How to complete this task: Copy out each line of the data below in which the string "Adidas" appears.

Information supplied:
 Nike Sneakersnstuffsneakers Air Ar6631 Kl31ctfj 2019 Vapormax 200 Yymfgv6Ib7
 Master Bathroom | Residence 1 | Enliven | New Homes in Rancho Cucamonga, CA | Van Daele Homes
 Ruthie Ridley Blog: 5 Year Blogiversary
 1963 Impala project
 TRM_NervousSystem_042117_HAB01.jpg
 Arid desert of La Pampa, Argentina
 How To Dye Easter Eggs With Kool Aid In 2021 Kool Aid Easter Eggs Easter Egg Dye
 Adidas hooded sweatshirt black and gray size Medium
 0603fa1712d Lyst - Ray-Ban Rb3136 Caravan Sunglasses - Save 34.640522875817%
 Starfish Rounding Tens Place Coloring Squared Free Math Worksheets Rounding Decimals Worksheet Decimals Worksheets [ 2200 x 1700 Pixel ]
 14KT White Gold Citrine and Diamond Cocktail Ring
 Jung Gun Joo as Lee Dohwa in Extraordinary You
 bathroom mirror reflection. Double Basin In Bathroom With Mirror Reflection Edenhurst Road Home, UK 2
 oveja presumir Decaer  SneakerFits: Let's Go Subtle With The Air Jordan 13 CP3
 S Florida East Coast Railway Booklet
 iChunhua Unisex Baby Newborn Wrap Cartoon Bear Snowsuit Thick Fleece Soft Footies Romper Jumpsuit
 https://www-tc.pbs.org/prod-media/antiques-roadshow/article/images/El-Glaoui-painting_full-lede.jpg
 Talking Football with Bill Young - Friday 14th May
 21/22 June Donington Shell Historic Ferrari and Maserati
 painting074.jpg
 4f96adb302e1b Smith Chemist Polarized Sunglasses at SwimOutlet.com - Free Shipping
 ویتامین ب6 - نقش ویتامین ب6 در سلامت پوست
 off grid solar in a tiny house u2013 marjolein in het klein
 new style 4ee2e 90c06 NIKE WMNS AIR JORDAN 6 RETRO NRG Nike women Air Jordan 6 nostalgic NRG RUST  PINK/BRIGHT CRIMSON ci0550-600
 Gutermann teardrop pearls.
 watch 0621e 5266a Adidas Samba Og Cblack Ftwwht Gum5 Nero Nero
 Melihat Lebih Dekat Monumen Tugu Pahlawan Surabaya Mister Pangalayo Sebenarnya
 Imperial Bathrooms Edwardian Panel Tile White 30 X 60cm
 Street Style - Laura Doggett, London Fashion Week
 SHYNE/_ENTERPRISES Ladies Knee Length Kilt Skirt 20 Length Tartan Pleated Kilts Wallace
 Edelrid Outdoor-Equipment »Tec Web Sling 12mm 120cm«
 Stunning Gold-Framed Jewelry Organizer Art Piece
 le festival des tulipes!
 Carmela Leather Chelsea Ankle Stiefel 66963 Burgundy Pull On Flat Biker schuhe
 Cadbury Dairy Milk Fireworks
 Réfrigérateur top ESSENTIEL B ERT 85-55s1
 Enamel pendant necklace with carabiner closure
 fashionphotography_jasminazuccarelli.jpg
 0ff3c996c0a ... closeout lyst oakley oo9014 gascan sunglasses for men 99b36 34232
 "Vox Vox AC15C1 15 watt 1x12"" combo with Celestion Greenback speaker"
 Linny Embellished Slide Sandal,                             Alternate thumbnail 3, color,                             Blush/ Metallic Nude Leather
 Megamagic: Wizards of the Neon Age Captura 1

Task solution:
 Adidas hooded sweatshirt black and gray size Medium
 watch 0621e 5266a Adidas Samba Og Cblack Ftwwht Gum5 Nero Nero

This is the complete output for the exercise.